Ocurrió con José y ocurre con Cristóbal. Nadie descubrió entonces ni descubre ahora la corrupción. No estuvimos ni estamos ante situaciones novedosas ni revelaciones insospechadas. Sí ante la sensación de lo intolerable, de la necesidad de avanzar en serio contra la impunidad
Tras los bolsos de López algo sucedió. Nada sustancial, nada definitivo pero el impacto se sintió. Luego de años de infructuosas campañas se logró la sanción de la Ley de Acceso a la Información Pública y de una primera aproximación a la figura del arrepentido aunque claramente insuficiente y cuya modificación es urgente e indispensable si queremos desarmar las complicidades mafiosas y llegar a los principales responsables de los grandes actos corruptos.

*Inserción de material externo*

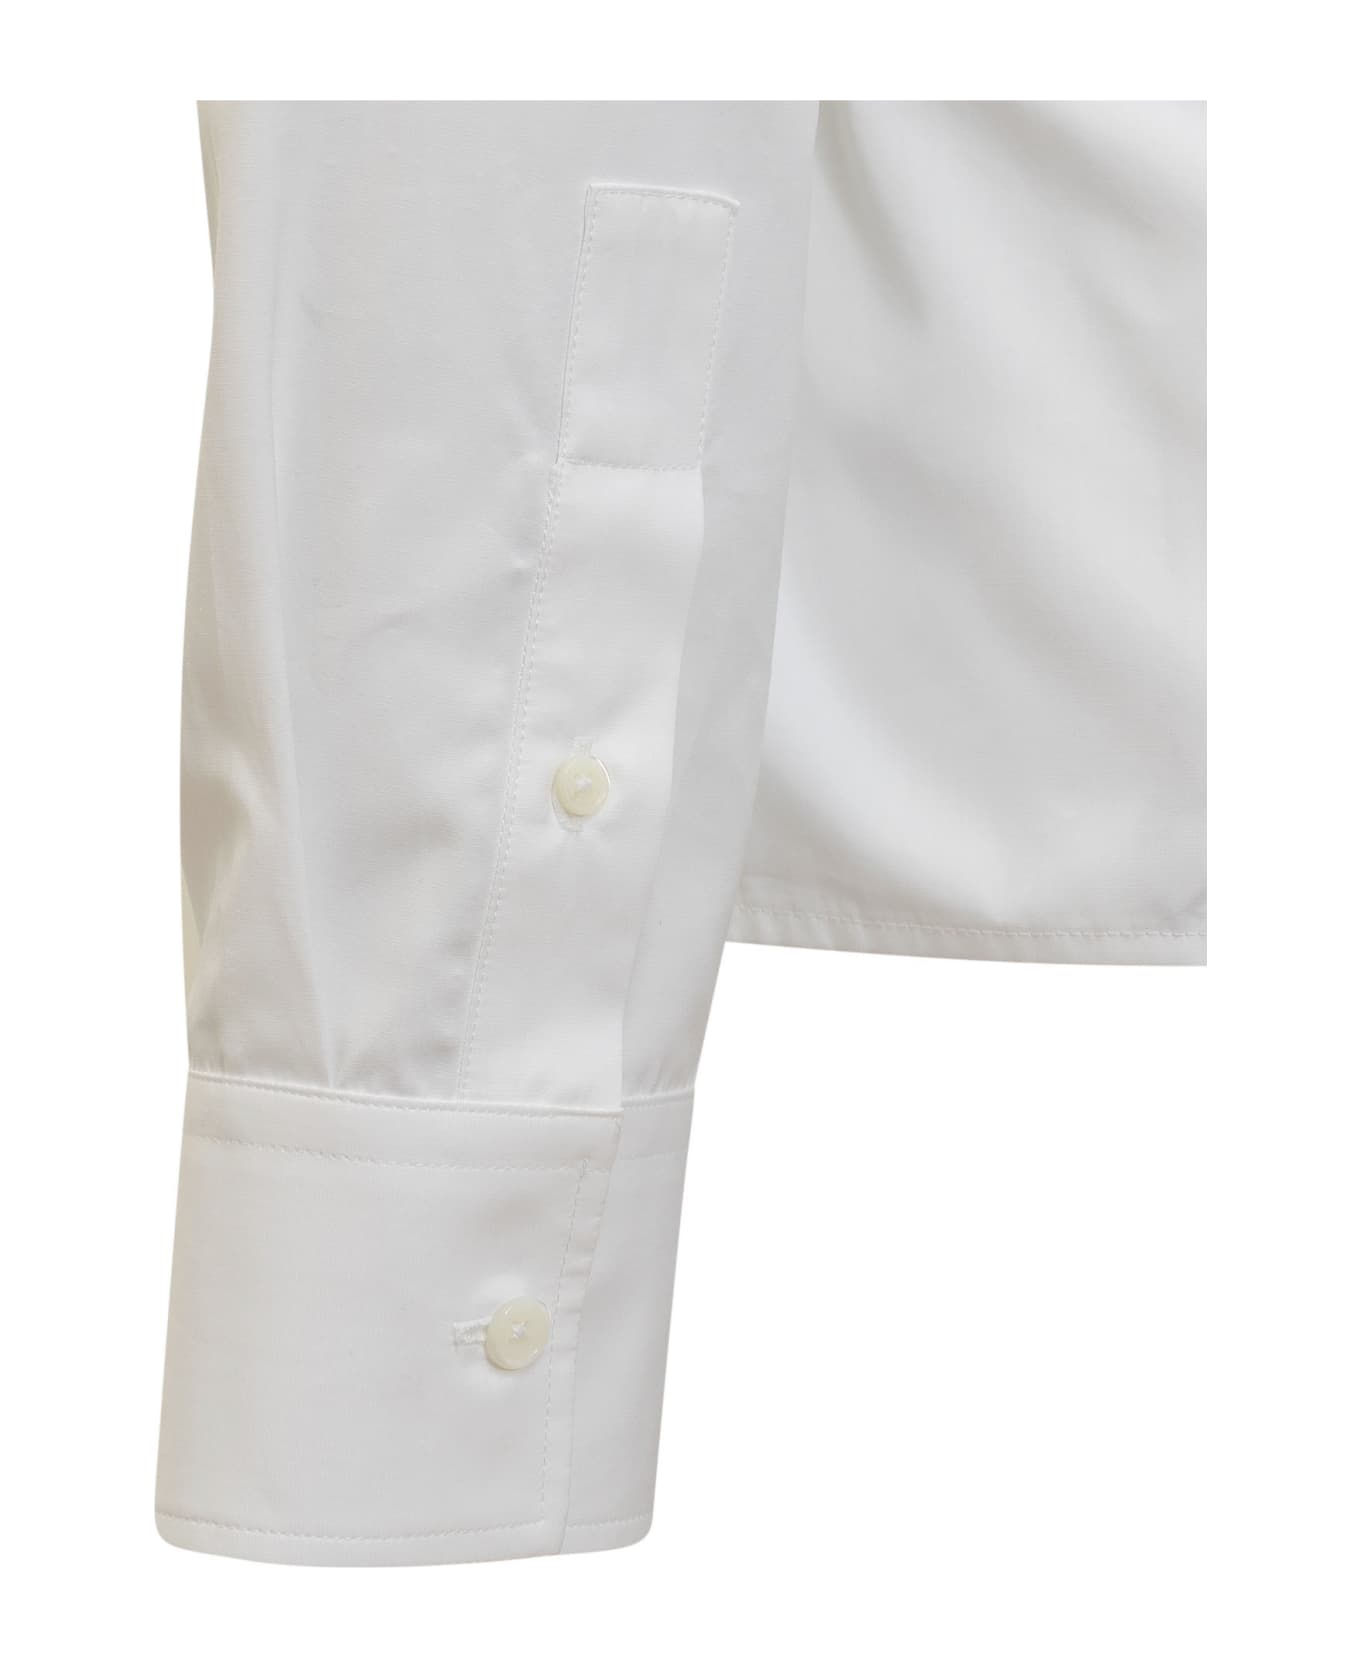 Off-White Popeline Shirt - WHITE シャツ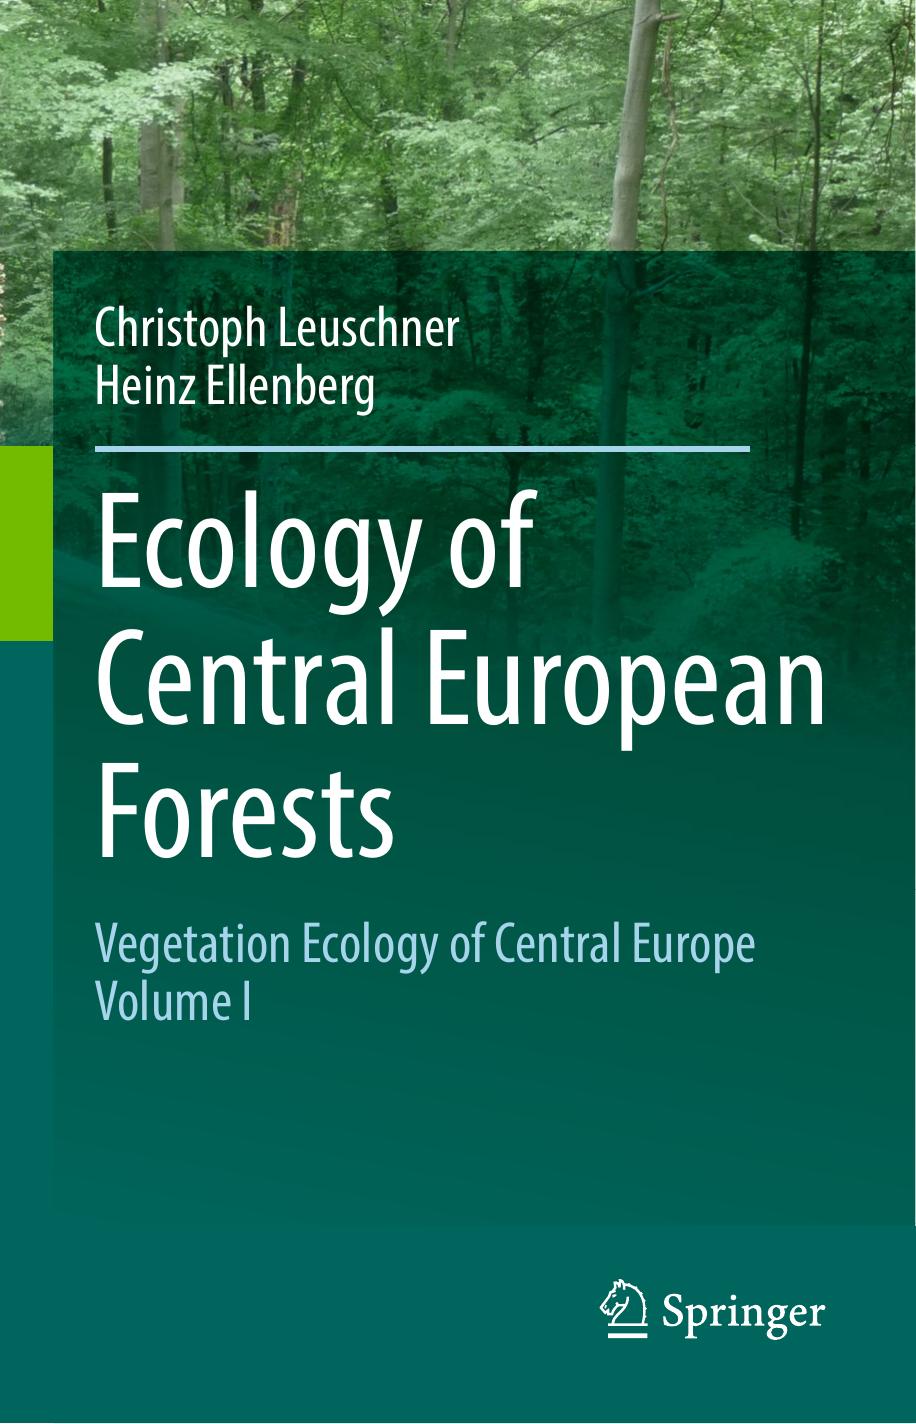 Vegetation ecology of Central Europe. Volume I, Ecology of Central European forests 2017

El empuje no alcanzó para sancionar la extinción de dominio –que duerme en los cajones del Senado desde un año y medio-. Tampoco para abreviar los quince años promedio que llevan los juicios de corrupción. La Justicia Federal en lo Penal, el Fuero encargado de esos procesos, se limitó a producir algunos actos de cierta espectacularidad y –en muchos casos- de escasa consistencia como prisiones preventivas destinadas a ser revocadas en breve lapso.
El común de la gente no comprende –como es lógico- los tecnicismos de los procedimientos judiciales. En cambio sabe que, para decirlo con palabras sencillas, “nadie va preso” por crímenes de corrupción y, lo que muchas veces indigna aún más, casi nunca (y el casi es una concesión a la relatividad de las cosas) el Estado recupera las inmensas sumas que le (nos) son robadas.
Por eso el caso Cristóbal López ha vuelto a conmover a la opinión pública, porque sus circunstancias son, otra vez, demasiado groseras como para que pasen desapercibidas o se agreguen como una perla más al reluciente collar de la corrupción
Es difícil tolerar que quien cobra por cuenta del Estado un impuesto que todos debemos pagar como el de los combustibles, en lugar de rendirlo de inmediato, se lo apropie para sí y después pida devolverlo en cómodos planes de pagos (que tampoco cumple). Peor aún es que eso suceda durante años y que el dinero apropiado ascienda a cifras escandalosas que se cuentan en miles de millones.
Pero lo que colma todo límite es que la Afip, el mismo órgano recaudador estatal que le da de baja el Cuit al cuentapropista que no paga el monotributo o intima ante el menor incumplimiento tributario, haya sido el cómplice indispensable de una maniobra tan alevosa y enorme.
También sabemos que esas inmensas sumas se utilizaron para comprar otras empresas, en particular diversos medios de comunicación y que el grupo empresario entero está hoy al borde de la quiebra, con miles de puestos de trabajo en riesgo inminente y el Estado enfrentado además a la imposibilidad de recuperar su crédito.
Cristóbal López y Fabián de Souza están procesados por apropiarse de las enormes sumas que cobraron en concepto de impuestos y estaban en prisión preventiva por las múltiples maniobras -descriptas por el Juez que así lo dispuso- cuya finalidad era impedir que el Estado recuperase algún día lo que se llevaron.
Era pues natural que la resolución que no sólo los liberó sino que modificó la calificación del delito convirtiéndola en una mera evasión fiscal, provocase una masiva reacción de repudio.
La imagen del Poder Judicial está profundamente deteriorada. La de la Justicia Federal habita muy por debajo del subsuelo. Basta una rápida lectura –entre otros aportes de expertos en el tema- del demoledor “Libro Negro de la Justicia” del periodista Tato Young para comprobar que el problema no es sólo de imagen.
La sociedad no desea prisiones preventivas sino sentencias que, según corresponda en cada caso, condenen o absuelvan en procesos sustanciados de acuerdo a la Ley. El problema es que algo tan elemental para un Estado de Derecho Democrático como impartir justicia en un tiempo mínimamente razonable, se parece cada día más a una utopía
El reclamo está planteado. La Justicia debe transformarse con la rapidez y eficacia que le impone el momento. No hay salida sino dentro de las instituciones democráticas y éllas deben estar a la altura de tiempos en que la sociedad demanda poner fin a la impunidad.